Вот так-то. Вот что я на самом деле видел тем вечером, насколько я сейчас в состоянии вспомнить. И теперь мне остается только пересказать один-единственный эпизод — поведать о том вечере, когда я наконец-то вживую повстречался с женщиной, называющей себя Вера Эндекотт.
— Что, разочарованы? Небось, не такого ожидали? — спросила она, улыбаясь неприятной, кривой улыбочкой; боюсь, я кивнул в ответ.
Она казалась как минимум лет на десять старше своих двадцати семи и выглядела как женщина, которая одну буйную жизнь уже прожила и теперь, пожалуй, начала вторую. В уголках век и губ обозначились тонкие морщинки, под глазами набрякли мешки, наводящие на мысль о хроническом недосыпании и злоупотреблении наркотиками, и, если не ошибаюсь, в ее коротко подстриженных черных волосах серебром проблескивала ранняя седина. А чего же я ждал? Теперь, постфактум, судить трудно, но меня поразил ее высокий рост и цвет ее радужки — удивительный оттенок серого. Эти глаза одновременно напоминали мне море, туман, и буруны, и гранитные валуны, за многие века отполированные прибоем до безукоризненной гладкости. Греки уверяли, что у богини Афины глаза «серые, как море»; любопытно, что они бы подумали о глазах Лиллиан Сноу.
— У меня со здоровьем проблемы, — доверительно сообщила она, и признание ее прозвучало почти как mea culpa[2], а холодные как камень глаза обратились к стулу в прихожей моей квартиры.

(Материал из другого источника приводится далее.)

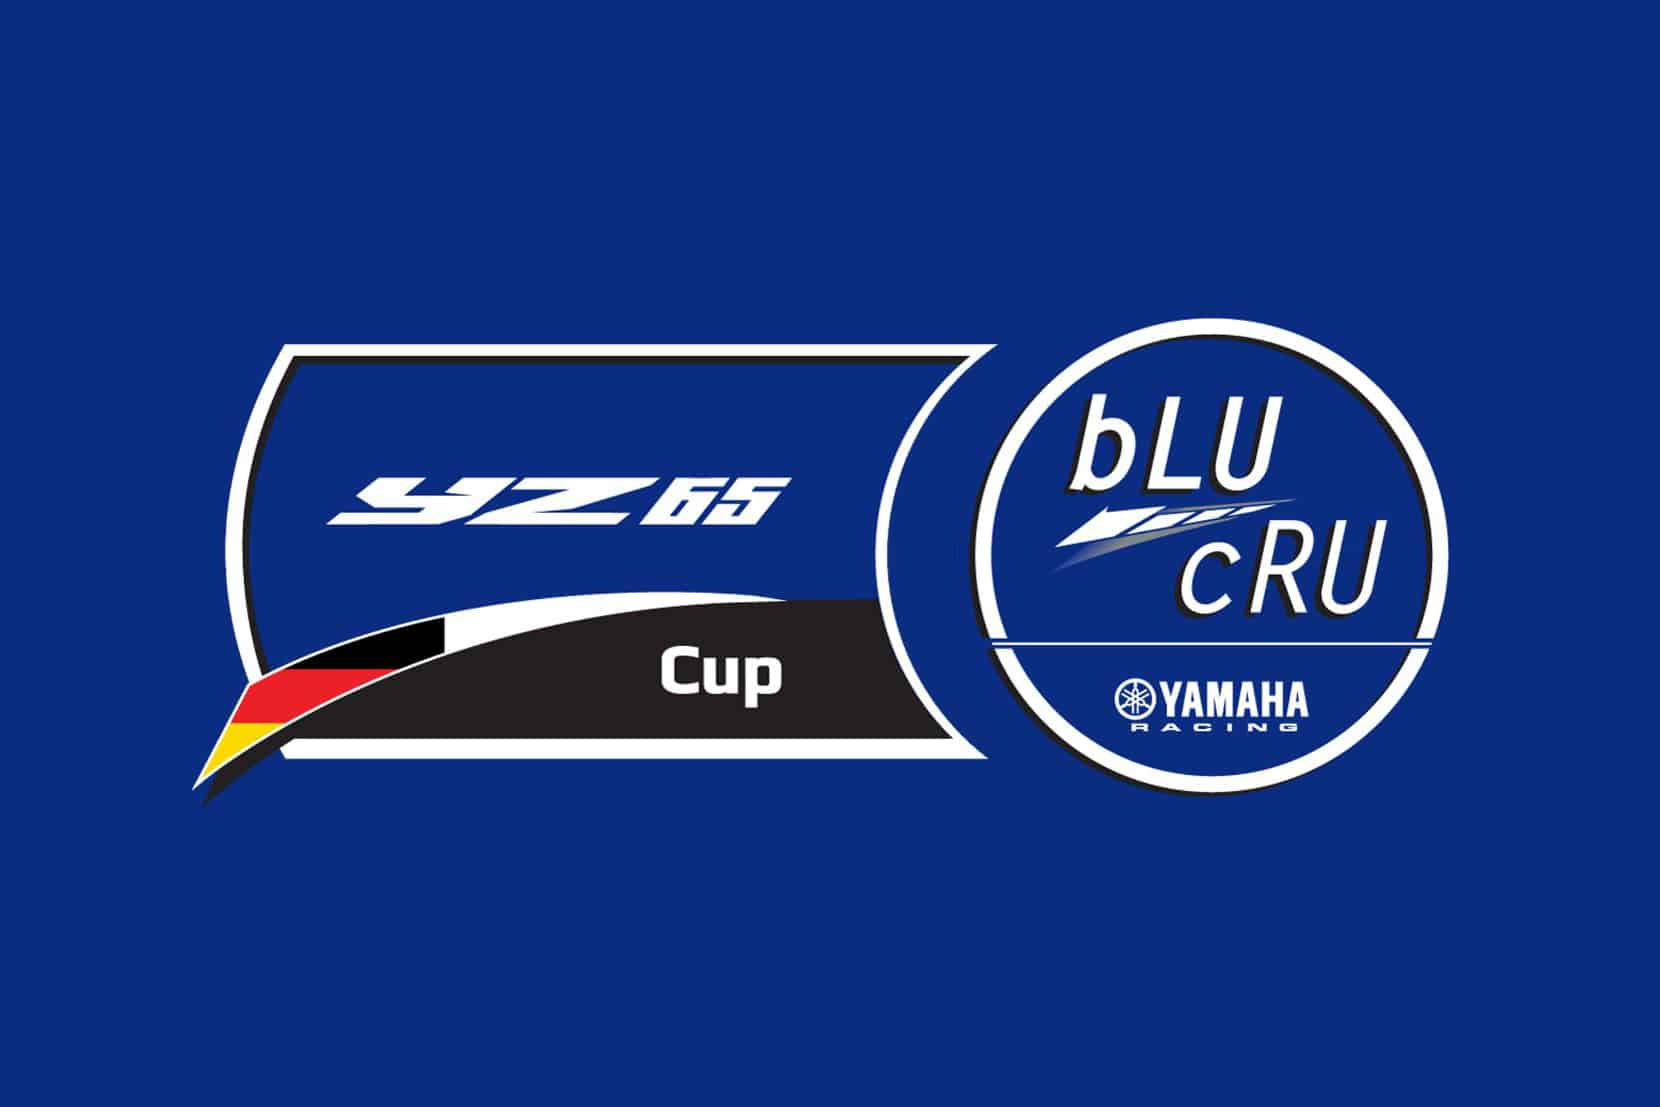 YZ bLU cRU FIM Europe Cup – Ergebnisse Klasse 65ccm Wertungslauf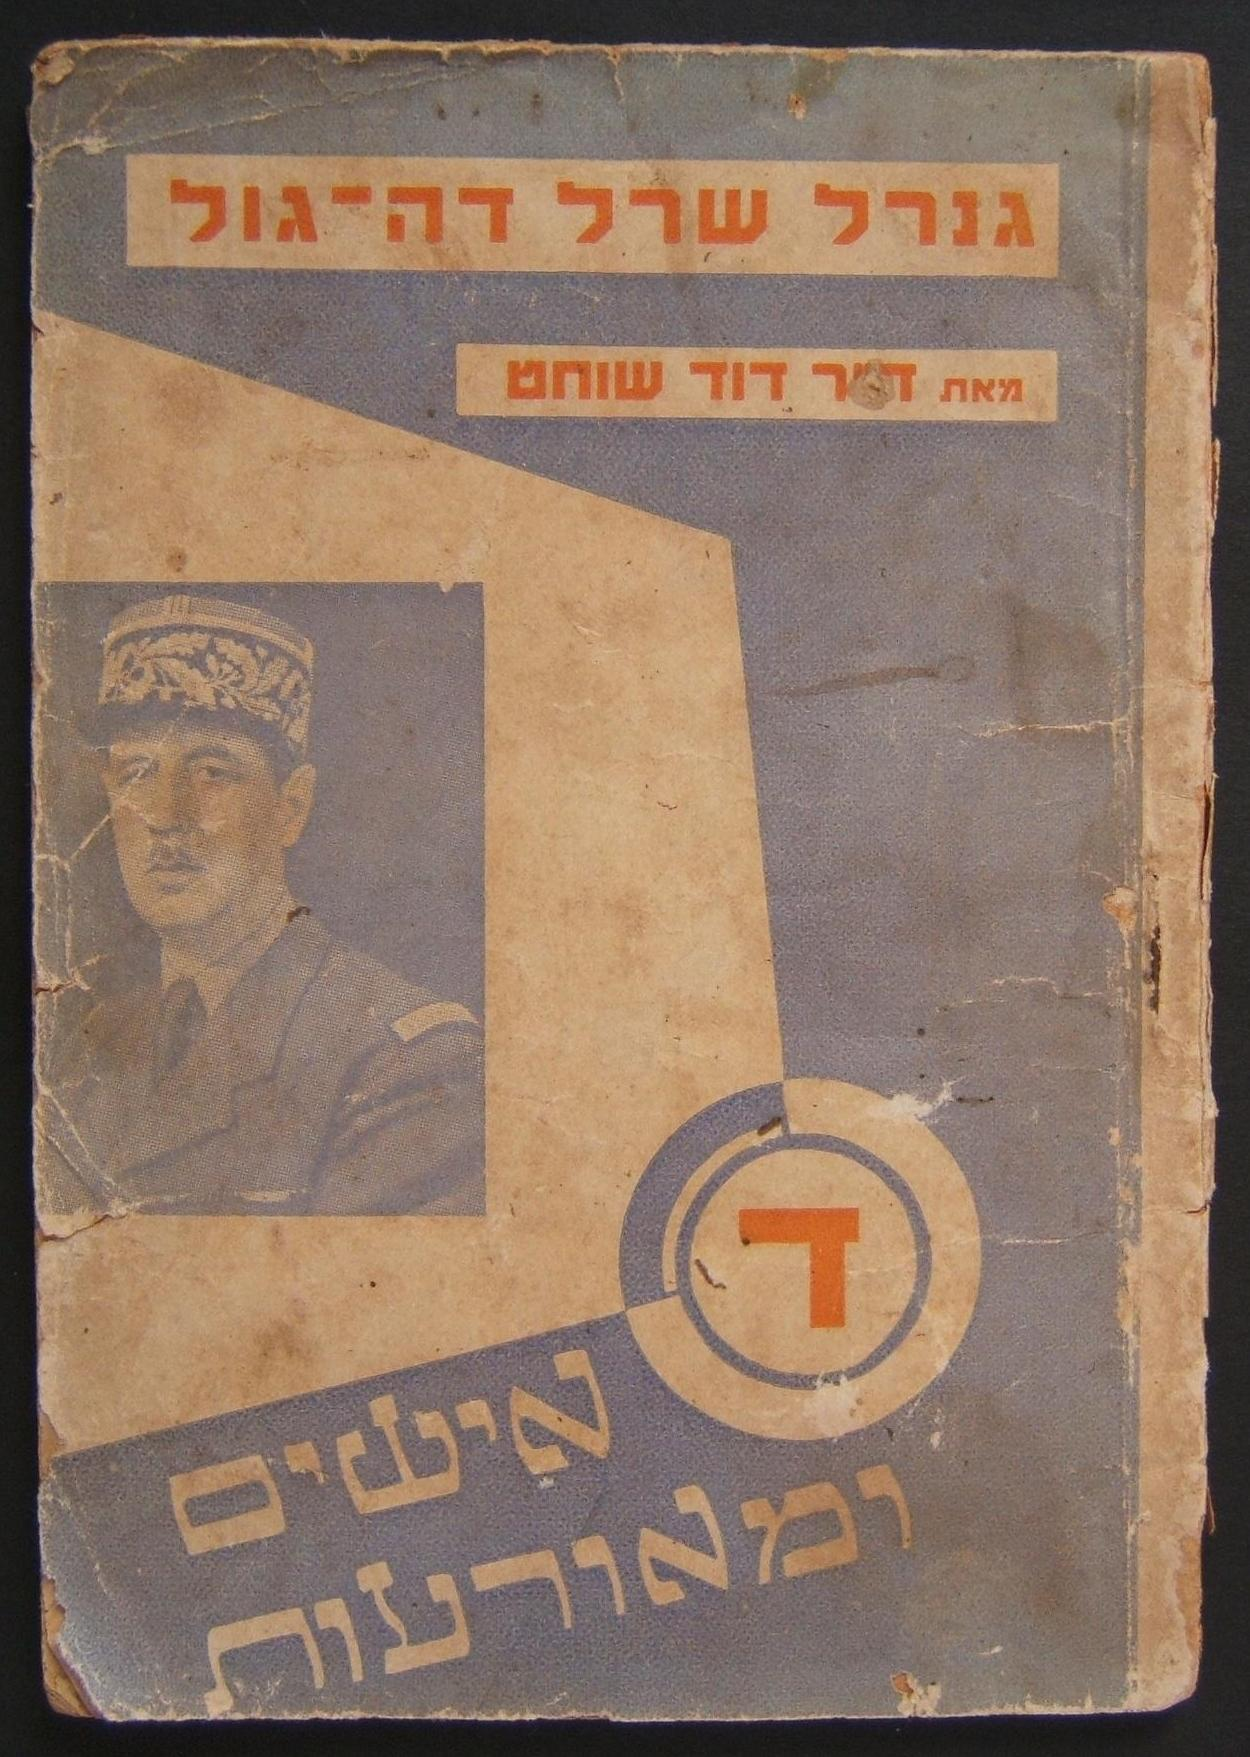 WWII Eretz Israeli Hebrew Charles de Gaulle publicity booklet by D Shochat 1941

Я извинился за то, что до сих пор не предложил ей войти и продержал в передней. Я подвел ее к кушетке в маленькой гостиной рядом с моей студией; она меня поблагодарила. Она спросила виски или джина — и посмеялась надо мною, когда я сказал ей, что не пью. Я предложил ей чаю; она отказалась.
— Художник — и не пьет? — переспросила она. — Неудивительно, что я о вас не слышала.
Кажется, я пробормотал что-то насчет Восемнадцатой поправки и закона Волстеда{46}. Она воззрилась на меня с недоверчивым презрением. И заявила, что дает мне последний шанс: если окажется, что я еще и не курю, она тут же встанет и уйдет, убедившись, что никакой я не художник и, стало быть, заманил ее к себе в квартиру обманным путем. Но я предложил ей сигарету — «Житан-брюн», с черным табаком{47}, — к таким я пристрастился еще в колледже, и актриса вроде бы немного расслабилась. Я дал ей прикурить; она откинулась на кушетке, по-прежнему улыбаясь этой своей ироничной улыбкой и не спуская с меня серых, как море, глаз; ее худое лицо тонуло в полупрозрачных клубах дыма. На ней была желтая фетровая шляпа-колокол, не слишком-то подходящая к бордовому шелковому платью-рубашке, и я заметил затяжку на левом чулке.
— Вы знали Ричарда Аптона Пикмана, — заявил я прямо в лоб, без околичностей и, конечно же, все испортил: в лице ее тут же отразилась подозрительность.
Целую минуту она молчала: просто сидела, курила и неотрывно глядела на меня, а я проклинал про себя и собственное нетерпение, и недостаток такта. А затем губы ее вновь изогнулись в улыбке, она тихо рассмеялась и кивнула.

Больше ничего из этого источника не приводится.